Insurance cost increases helps drive gap between rich and poor

A recent study shows that the elderly and beneficiaries have been hardest hit by inflation, rising insurance costs

Insurance News

By Mina Martin

Superannuitants and beneficiaries have spent more on insurance and other items that have risen rapidly in price, such as local council rates and energy bills, causing the divide between the rich and the poor to grow, RNZ reported.

Statistics New Zealand, which measured how inflation was experienced by households, has found that superannuitants’ costs rose 19% over the past eight years, while beneficiaries’ costs increased by 16%.

That’s more than the average 13% increase for all households, and double the rate of inflation felt by the highest spenders, RNZ said. 

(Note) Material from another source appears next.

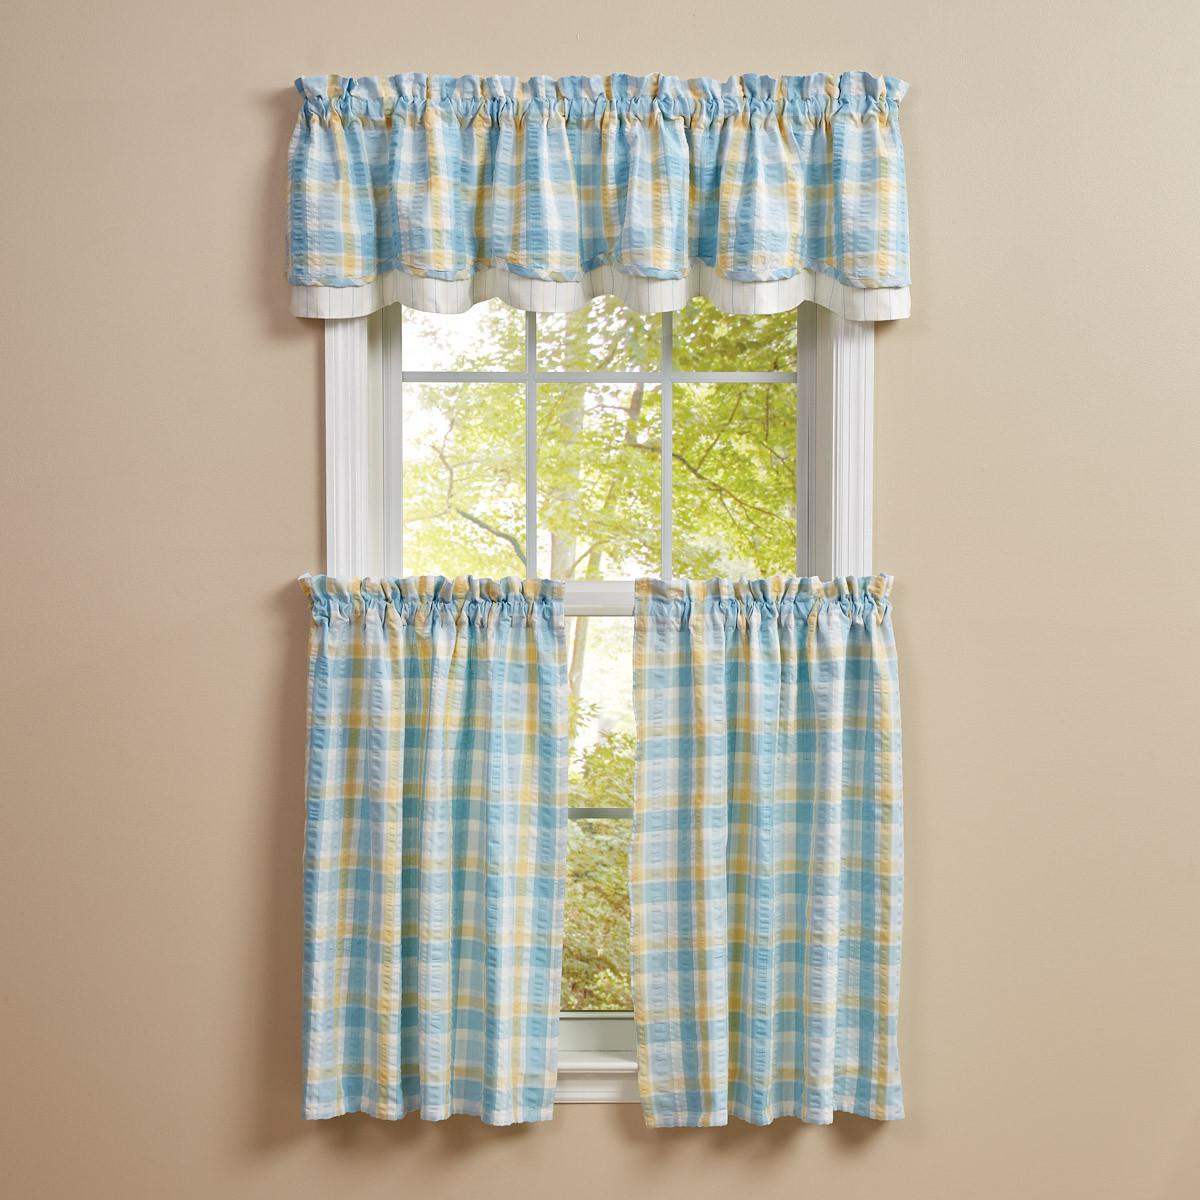 Park Design Forget Me Not Lined Layered Valance

Kay Brereton, spokesperson for the Beneficiary Advocacy Federation of New Zealand, said: “It’s actually become very hard for beneficiaries. People are meeting those basic costs they have of rent, power and phone, and they’re juggling those to keep them on. For some families, people are going without meals.”

Bill Rosenberg, Council of Trade Unions economist, said the inequalities in income between the rich and the poor were reflected in the different types of prices they face. The reported cited, for example, that 83% of high-spending households were homeowners as compared with 55% in the lowest spending group.

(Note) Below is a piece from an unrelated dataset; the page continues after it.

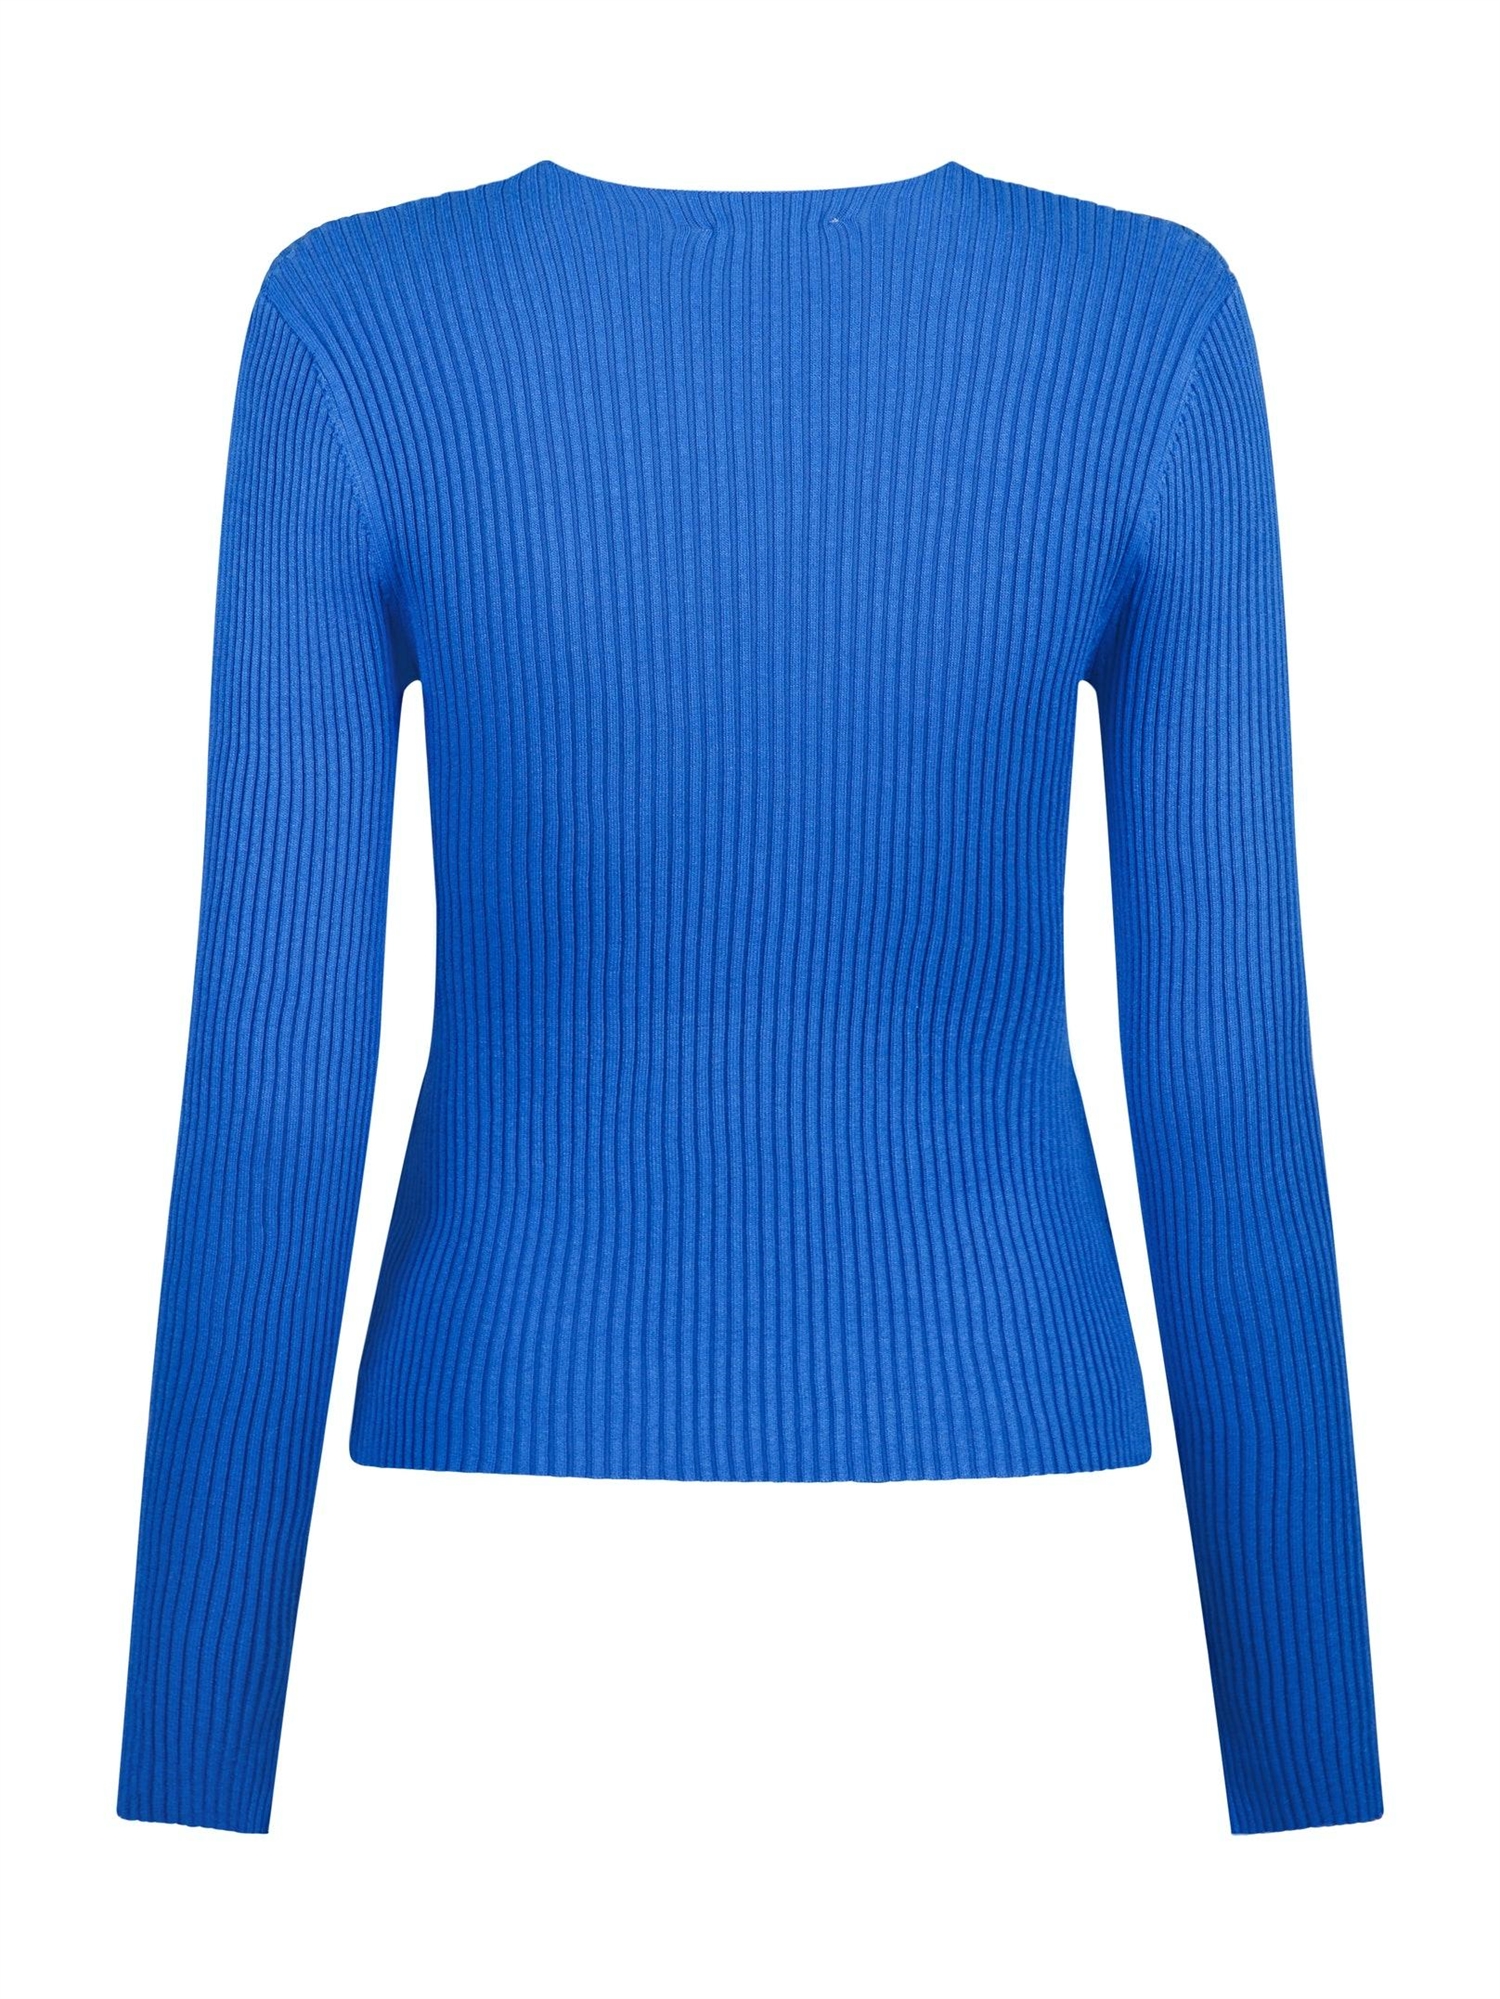 Italy Solid Knit Bluse Blue - Shop Neo Noir Nyheder

“So basically the households with the lowest living standards face the highest price increases,” Rosenberg said.

Rosenberg added that the government should implement new measures to re-examine inequality measures, which have been based on the consumer price index (CPI).
“They may well show income inequality rising more quickly than previously thought,” he stated.

Susan St John, Child Poverty Action Group economics spokesperson, called on the Government to address the increasing struggle of poor households to make ends meet.
“Linking to changes in average wages, as New Zealand Super is, is a really good idea,” she noted.

“But when we have to wait for ad hoc adjustments like the government putting $25 a week extra into the core benefit rate where there are children, that’s a really poor policy because it doesn’t give any certainty over time that living standards will be held up and maintained.”

Prime Minister John Key didn’t agree that inflation is causing a growing gap between the rich and the poor. He also argued that while retirees spent more on insurance, council rates, and energy, the average weekly earnings used to index Superannuation payments had risen 27% over the same period.

“If you look at the increase in the New Zealand Super over the time we’ve been in office, it’s been quite dramatic relative to the overall inflation rate,” he explained.

“So you can obviously always pick out one item but overall New Zealand Super is up dramatically over that time and inflation is low.”